THE RECENT ARRIVAL OF a $35 check from Xlibris reminded me that I’m very unlikely to recoup the investment I made in self-publishing my book Popes & Anti-Popes last year. A labor of love, it summarized in two or three hundred words the lives of all 263 popes, the result of extensive research into 50 sources about these seminal historical figures. It received no reviews so apart from extracts in the Ojai Orange this will be the only mention of it in print.

The project began because I was writing a book about Rome and I kept asking my friend questions about earlier popes that he couldn’t answer. So it became a minor obsession to document these not-always-saintly figures in an objective way by researching everything about them I could find, both good and bad. There is no personal comment therein, with every statement carefully attributed (viz. ODP= Oxford Dictionary of Popes). Here’s a sample entry:

16.  St Callistus I  b. Rome;  elected  217., d. 222. He was forgiving of repentant sinners, which angered one faction of the church and engendered the bitter emnity of anti-pope Hippolytus, (described by ODP as “intransigent, ambitious, and a strict, old-fashioned rigorist”) whose prolific Greek writings particularly  Philosopheumena  accused Callistus of modalism or not truly recognizing the principle of the Trinity. Callistus, who favored reconciliation for “sinners”, claimed the “power of the keys” which had been granted to St Peter — and by implication to his successors — which allowed persons who had been expelled from the church to be reinstated after suitable penance (Ir).
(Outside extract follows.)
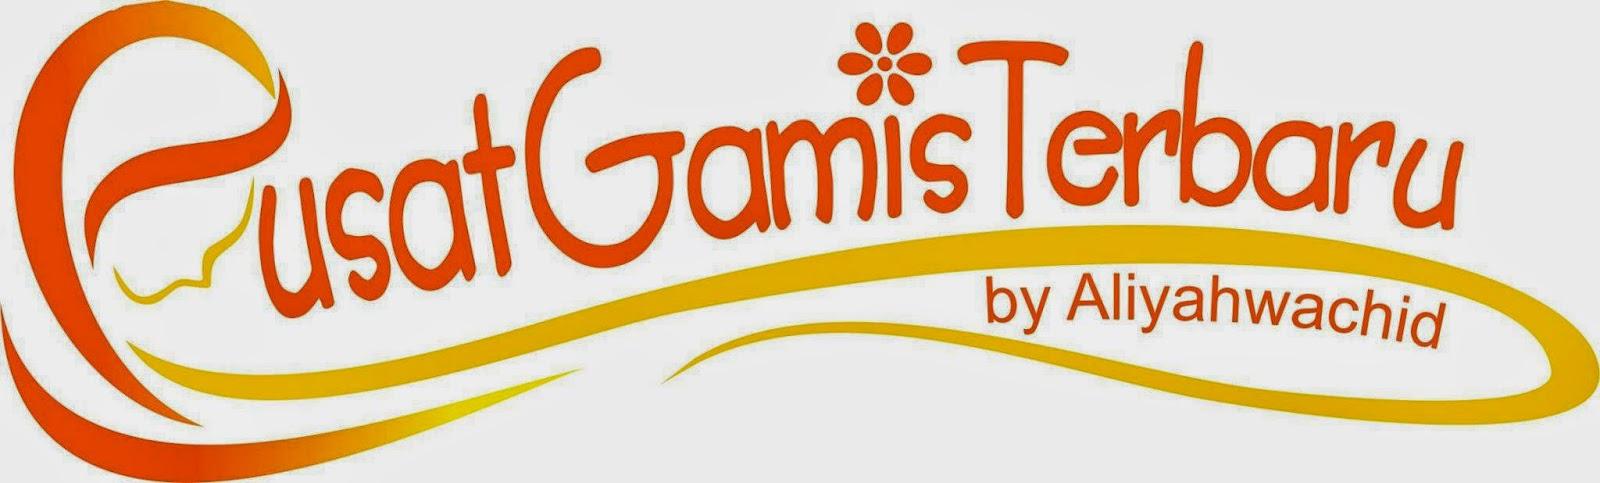 Lowongan Kerja di Pusat Gamis Terbaru – Semarang (Admin Web dan Fanpage FB, Customer Service dan Logistik)

Noting that this forgiveness extended to adulterers, Tertullian asked sarcastically: “Where shall we post up this generous concession — on the doors of brothels?” Uz quotes Hippolytus’ charge that Callistus found abortion acceptable. Callistus may have been beaten to death by a rioting mob when he tried to convert a tavern into a church (BS) or alternatively to collect some debts in a synagogue (StE). Said to have been thrown into a well atop which now stands in S. Maria in Travestere. LP notes that he introduced three fast days a year when Christians should abstain from corn, wine, and oil.

Incidentally, I cannot recommend Xlibris. They are painfully slow, exorbitantly penny-pinching (charging $2 for every proof correction, even commas) and somewhat unresponsive to deal with.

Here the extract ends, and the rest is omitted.